3 min Security

OpenAI: the risk of prompt injection may never disappear

OpenAI: the risk of prompt injection may never disappear

OpenAI states that prompt injection will probably never disappear completely, but that a proactive and rapid response can significantly reduce the risk.

The company reported this in an explanation of its security approach to AI agents such as ChatGPT Atlas. According to OpenAI, this is a structural challenge within AI security, comparable to online fraud and social engineering, in which attackers continue to adapt to new defensive measures. The company therefore expects to continue working actively on this for years to come.

This assessment is not unique. According to TechCrunch, the UK’s National Cyber Security Centre also recently warned that prompt injection attacks on generative AI may never be completely preventable. The British cyber authority advises organizations to focus on limiting risk and impact, rather than expecting the problem to be completely solved. This positions prompt injection as a fundamental challenge for AI systems operating on the open web.

Prompt injection is an attack technique in which malicious instructions are hidden in content processed by an AI agent, such as emails or web pages. The agent may consider these instructions to be legitimate and follow them, causing its behavior to be redirected. As a result, the agent acts in the interests of the attacker rather than the user.

Additional layer of threat

For browser-based agents such as ChatGPT Atlas, this means an additional layer of threat on top of existing web security risks.

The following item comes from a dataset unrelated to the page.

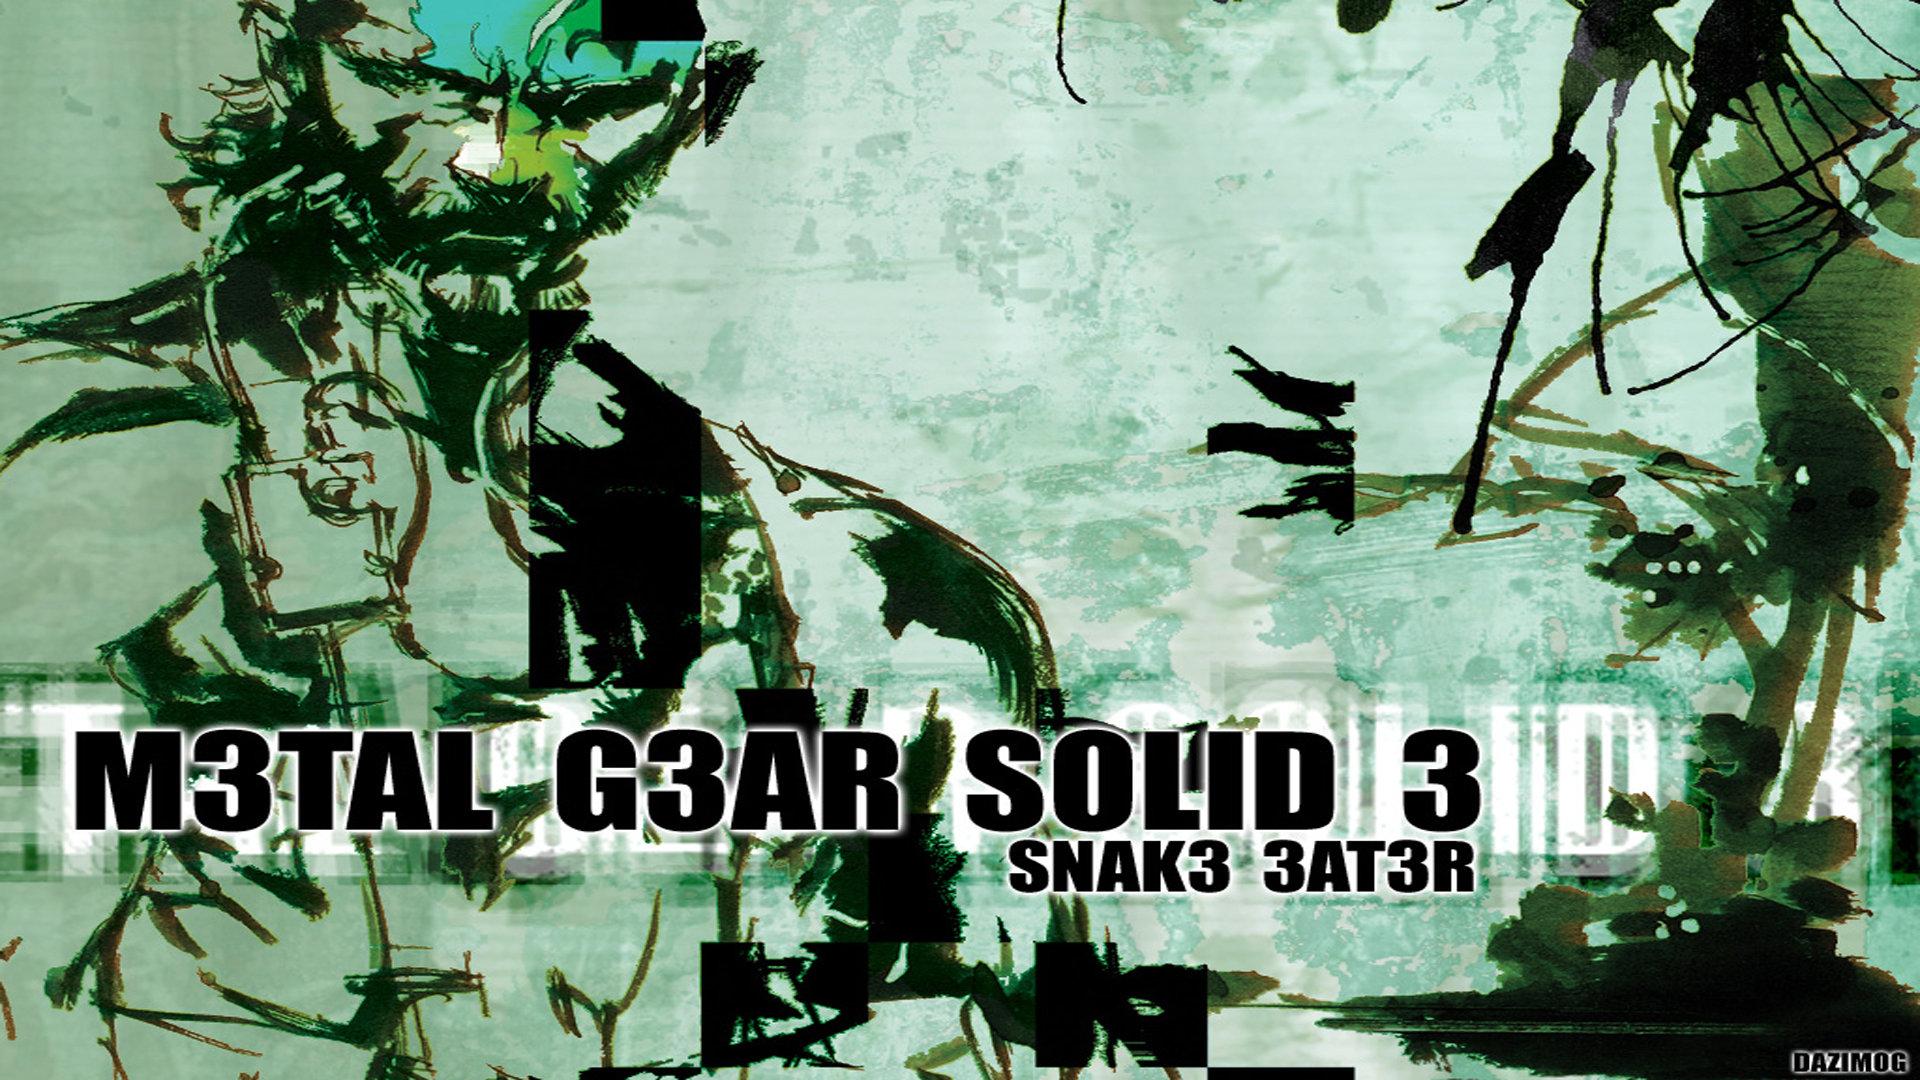 Download full HD 1920x1080 Metal Gear Solid 3: Snake Eater MGS 3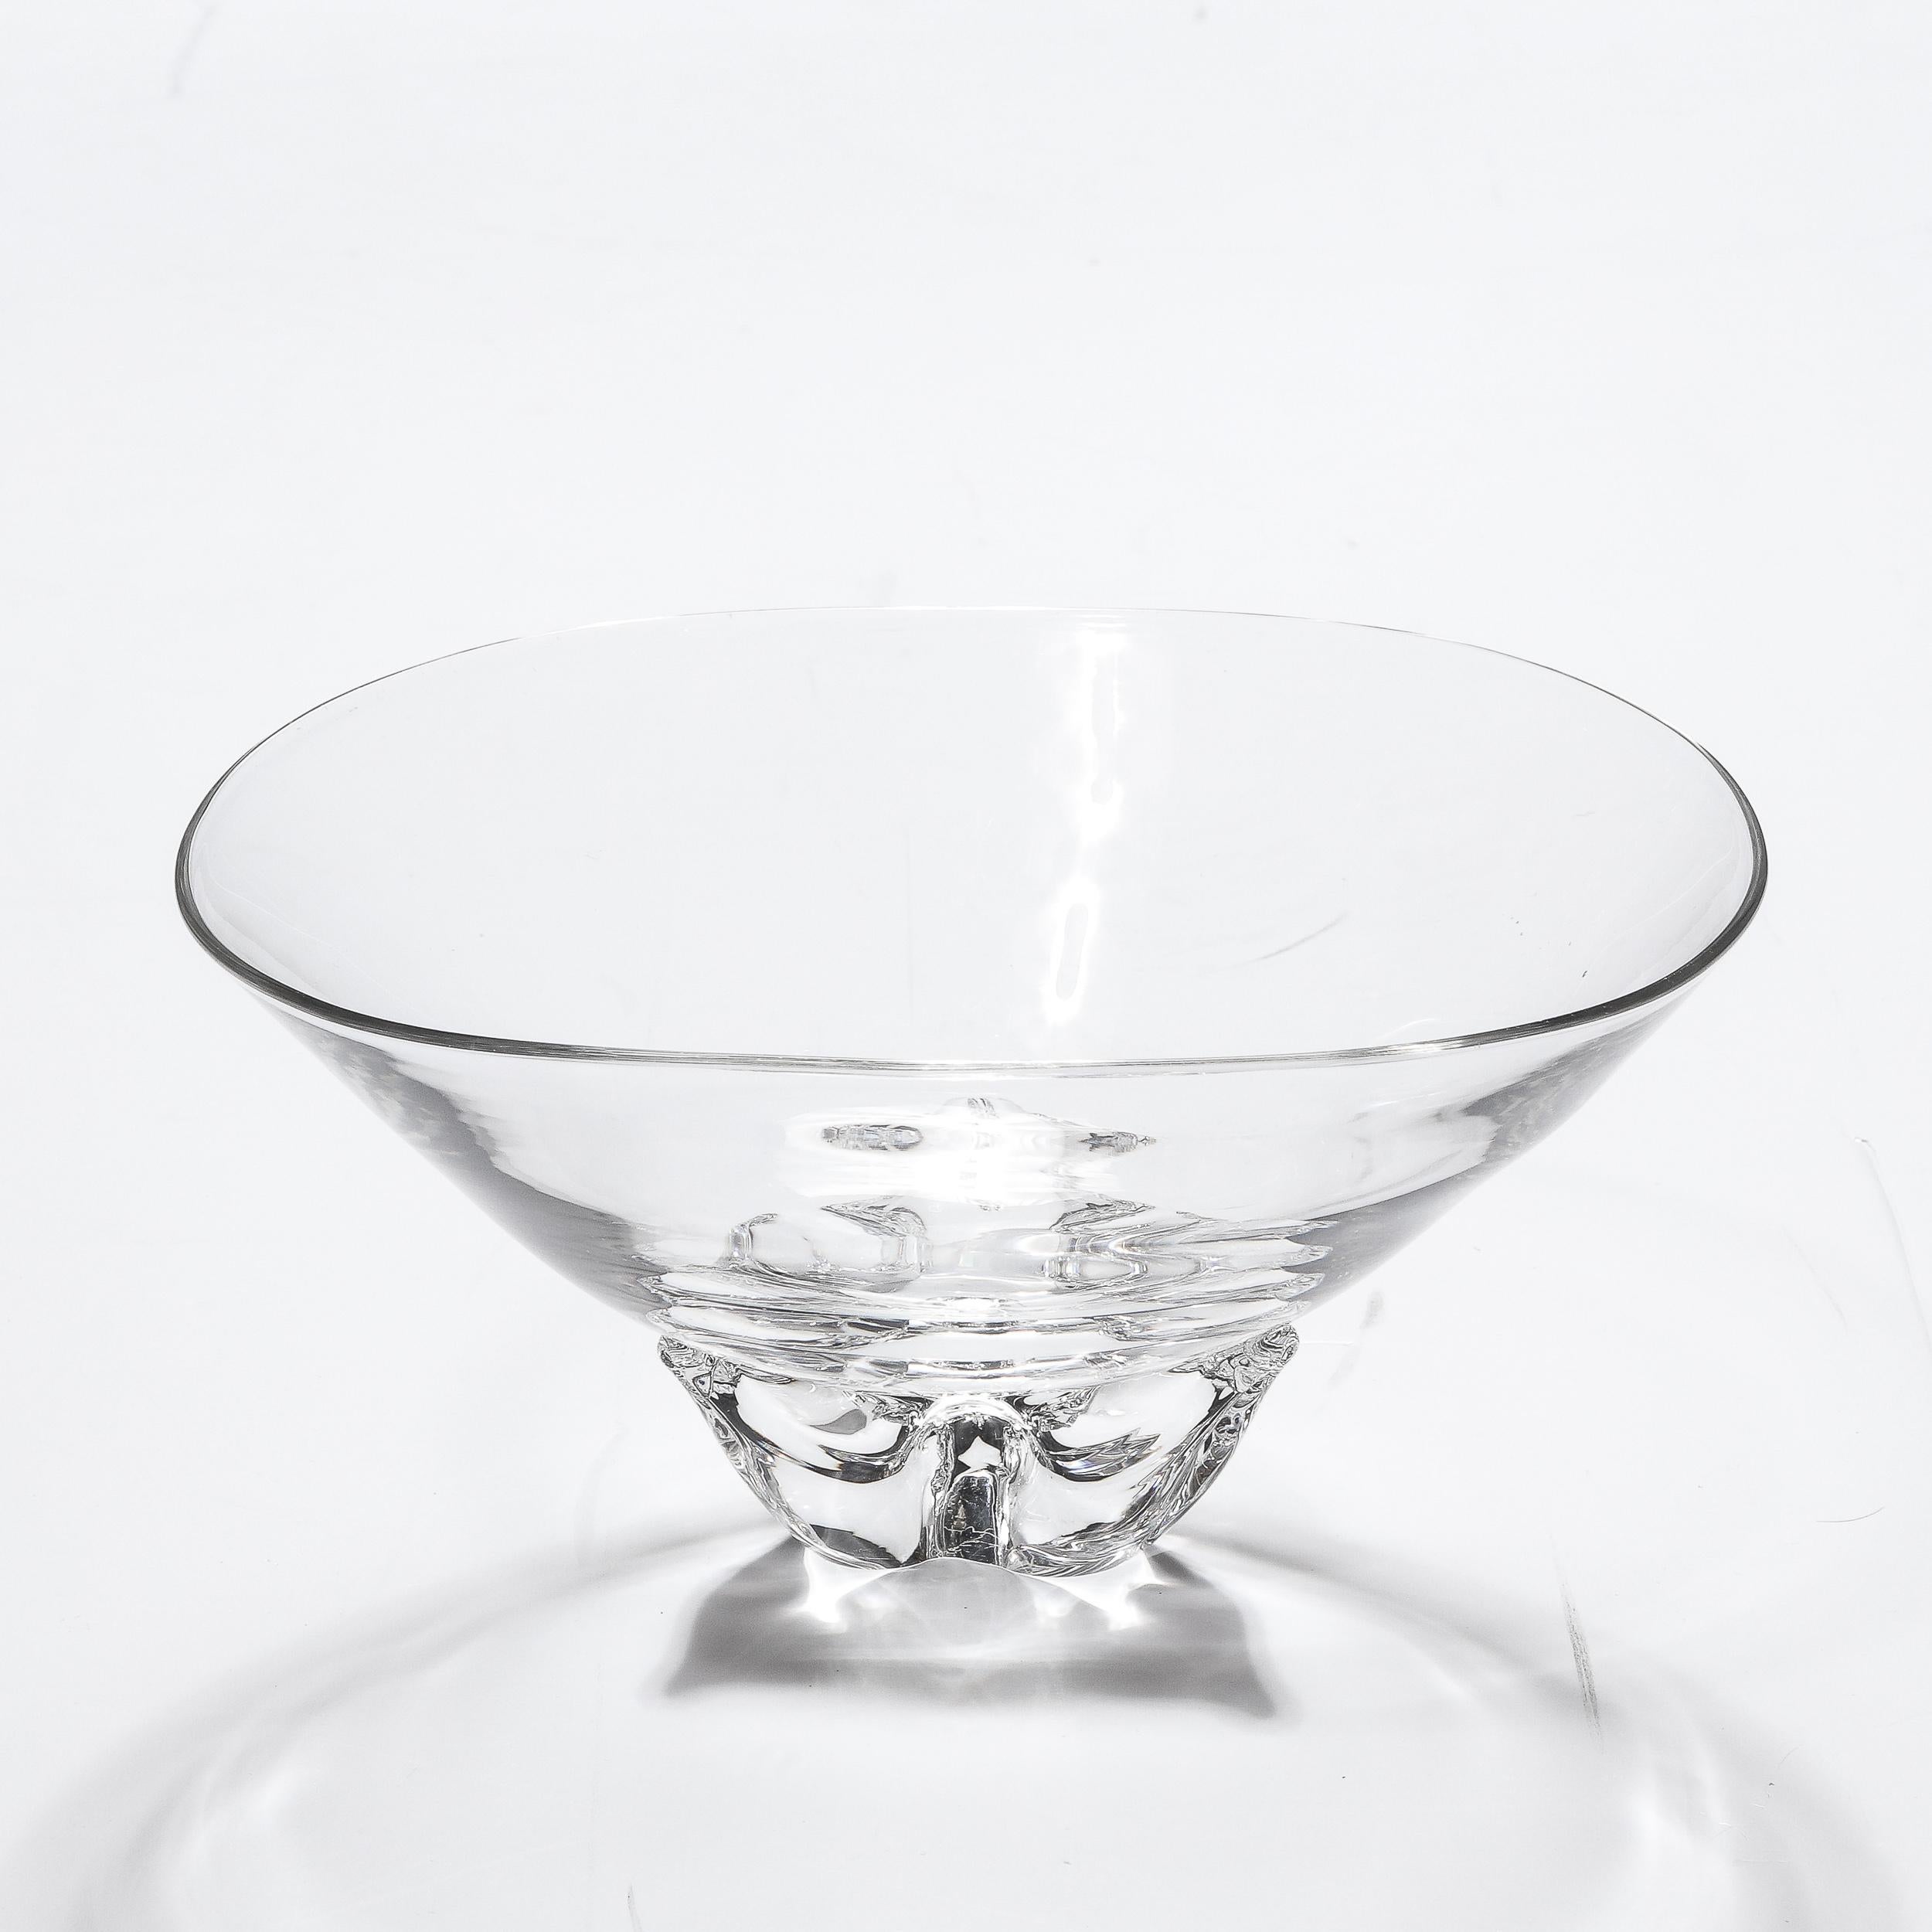 Mid-20th Century Mid-Century Modernist Hand-Blown Glass Bowl with Organic Base Signed Steuben For Sale

The agent can independently open web pages, read emails, and perform actions. A malicious email with hidden instructions can therefore become part of a workflow without being noticed, for example when a user asks to process or summarize emails. This can lead to data leaks or other undesirable actions.

According to OpenAI, this is just one example of a broader problem. The versatility of agents also increases the attack surface. During their work, they may encounter untrustworthy input via emails, attachments, shared documents, social media, and websites. Because agents can perform many of the same actions as users themselves, the impact of a successful attack can be significant.

Other parties also recognize that prompt injection is not a temporary problem. TechCrunch points out that Brave previously stated that indirect prompt injection poses a systematic challenge for AI browsers, including solutions from competitors such as Perplexity. In addition, companies such as Anthropic and Google emphasize that defense is only possible with layered security and continuous stress testing. OpenAI shares this view, but with its automated attacker, it has opted for intensive use of reinforcement learning.

OpenAI is strongly committed to automated attack detection. The company uses a specially trained AI attacker that actively searches for new prompt injection attacks on agents in production environments using reinforcement learning. Through repeated simulations, this attacker learns to identify vulnerabilities before they are exploited in practice.